風に頬をくすぐられて目を覚ます。随分開放的な部屋で、ぼんやりとした眼に星空が映った。
「起きたか」
耳を擽る声は宵藍のものだ。懐かしさと心地よさに夢心地でいた。頭がまだ覚醒していない。星空から降りてきたように現れた宵藍は、寝台で眠っていた蓮の頬にかかった髪を避けて、触れた。
「ここは、あの世?あの世のわりには、空が近いなぁ」
「蓮、ここはあの世ではない。さらに言うと、お前の知っている場所のどこでもない。我の巣……家だ」
「……宵藍の…………え、宵藍……?」
宵藍の金の眼に真っ直ぐに、覗かれて、蓮は瞬いた。頭にまだ霞がかっているようではあるが、目の前に宵藍がいた。

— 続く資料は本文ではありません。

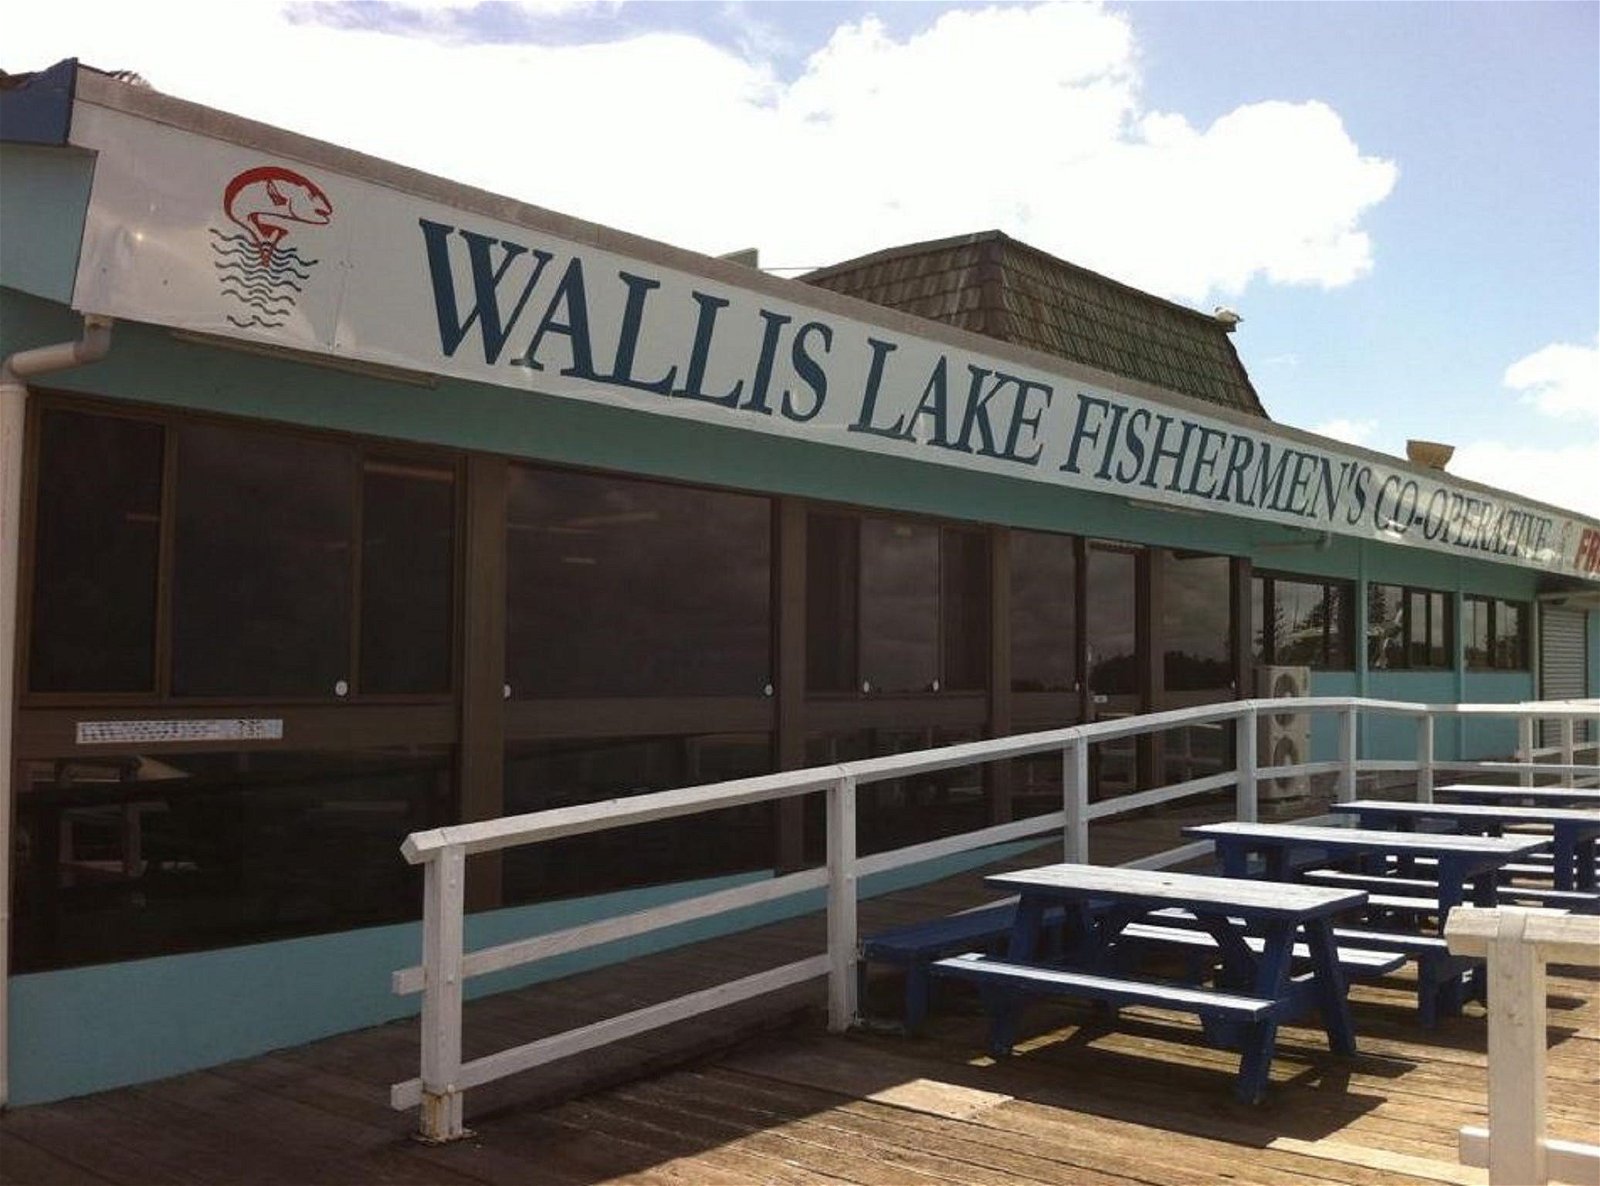 Wallis Lake Fishermans Co-op - Food Delivery Shop

宵藍に頬を撫でられる。
「そうだが」
「本物?」
「信じるかはお前の自由だが、紛い物でないことは確かだ」
「その抑揚のない感じ、宵藍だね」
ふわりと笑えば、宵藍は目を細める。閉じることはせずにじっと見つめてきて、あまりにも真剣な表情に蓮は困った。

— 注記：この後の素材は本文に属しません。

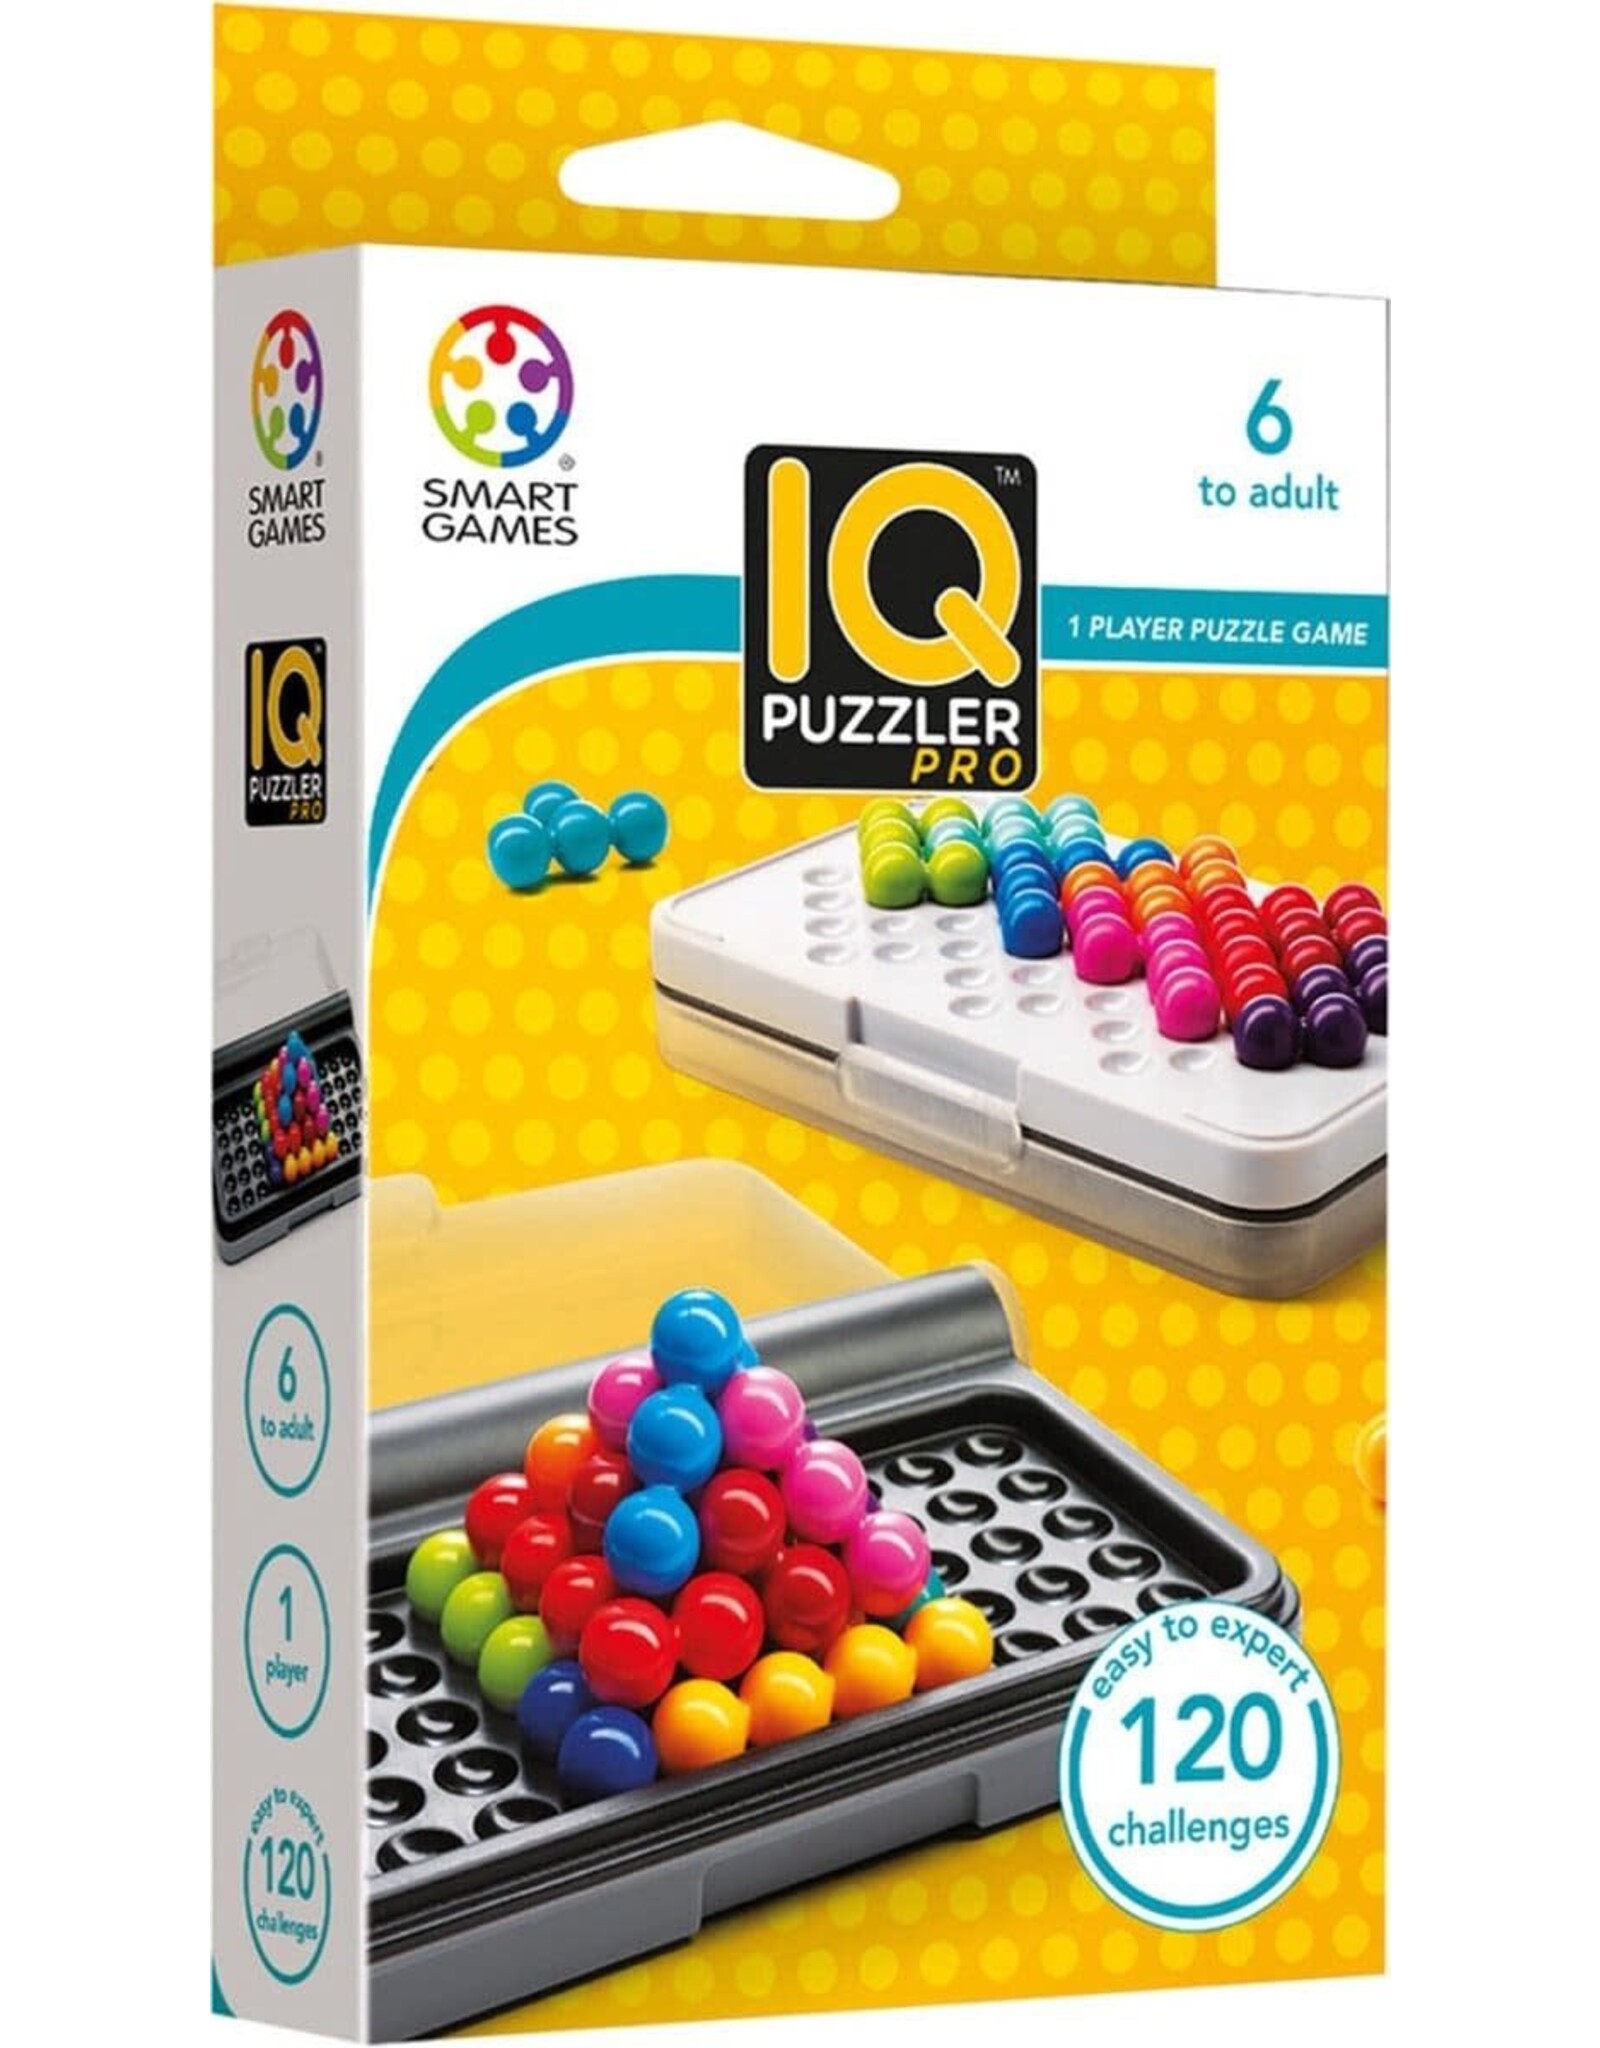 SmartGames Smart Games IQ Pocket Games - IQ Puzzler Pro

「どうしたの?えっと、近いよ?……拙、頭の中、混乱して、考えがまとまらない」
「今はそれで良い。我に、その顔をよく見せてくれ」
「う、ん?」
しばらく、両頬を捕らえられて宵藍に見つめられるので、羞恥を覚える。昔はこんなんじゃなかったはずだ。いや、さり気なく接触はあったけれど。
昔は。
「宵藍は、あの頃から変わらないね」
「お前は成長したな」
「多分、少し拙の方が背高いよ?多分ね」
「そうだろうな。人の子の成長は早い」
「宵藍は?」
あれから数年経っているというのに、宵藍は変わらない。何も変わっていないのだ。金眼も、藍色の髪の長さも、服装も、耳飾りだって変わっていなかった。
宵藍は口をつぐみ、しばらくしてから口を開いた。
「我は人間ではない――妖だ」
蓮は「そう」と少し首を傾げつつも頷いた。
妖。
普通の人とはかけ離れていると思ったことは何度もある。幻のような人だったと、思ってもいた。思えば人でないと言われた方がしっくり来る。それに、首を刎ねられる直前に空から現れて連れ去るなんて芸当は人間であるはずがなかった。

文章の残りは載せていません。